Question

$Evaluate \int_0^{\pi/2} \frac{1 - \cot x}{\csc x + \cos x} \, dx:$

• A. 0
• B. $\frac{\pi}{4}$
• C. $\infty$
• D. $\frac{\pi}{12}$

Answer 1

Answer: (A)

0

Answer 2

The given integral is:

$I = \int_{0}^{\frac{\pi}{2}} \frac{1 - \cot x}{\csc x + \cos x} dx.$

Analyze the symmetry of the integral.
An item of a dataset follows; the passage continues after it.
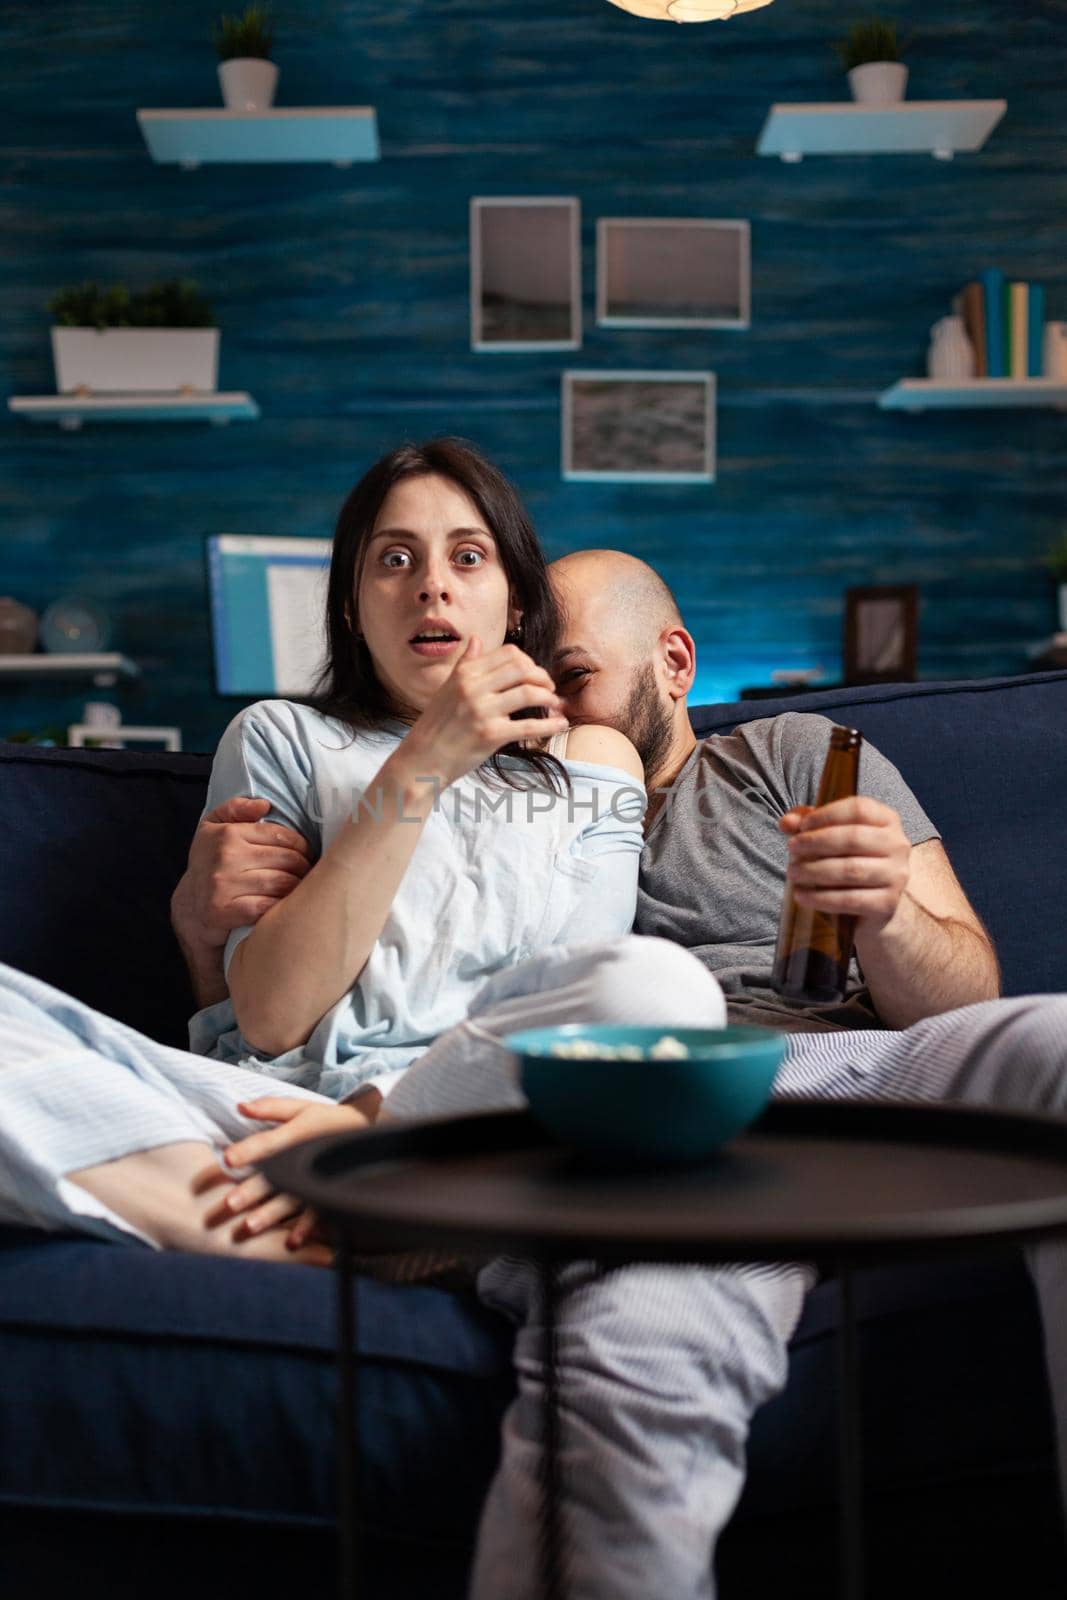 Confused shocked couple watching TV movie at night and eating popcorn, drinking beer having fear facial expression. Focused astonished people sitting on confortable couch chilling together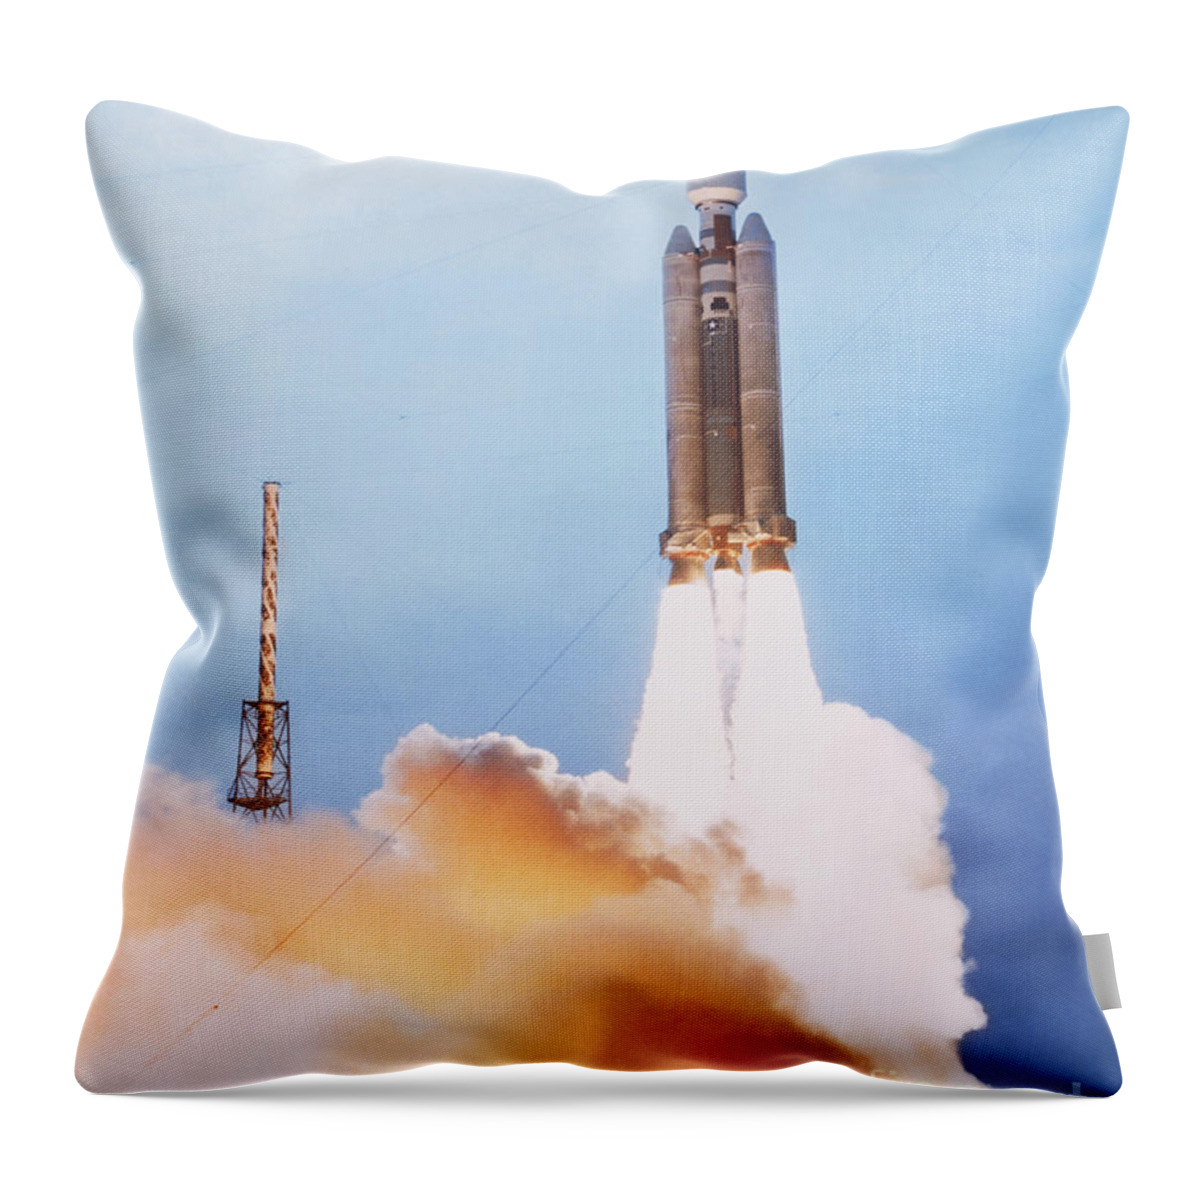 Transport Throw Pillow featuring the photograph Titan Iv Rocket by Science Source

The limits of the integral are symmetric about $\frac{\pi}{4}$, and the integrand contains terms that involve trigonometric functions $\sin x$, $\cos x$, $\cot x$, and $\csc x$. Specifically, consider the property:

$f(x) = -f\left(\frac{\pi}{2} - x\right).$

For the integrand:

$f(x) = \frac{1 - \cot x}{\csc x + \cos x}.$

Using the trigonometric substitutions:

$\cot\left(\frac{\pi}{2} - x\right) = \tan x, \quad \csc\left(\frac{\pi}{2} - x\right) = \sec x, \quad \cos\left(\frac{\pi}{2} - x\right) = \sin x,$

we find that the integrand satisfies the property:

$f(x) + f\left(\frac{\pi}{2} - x\right) = 0.$

Since $f(x)$ is odd with respect to $x = \frac{\pi}{4}$, the integral over the symmetric interval $[0, \frac{\pi}{2}]$ evaluates to 0.

Thus:

$I = 0.$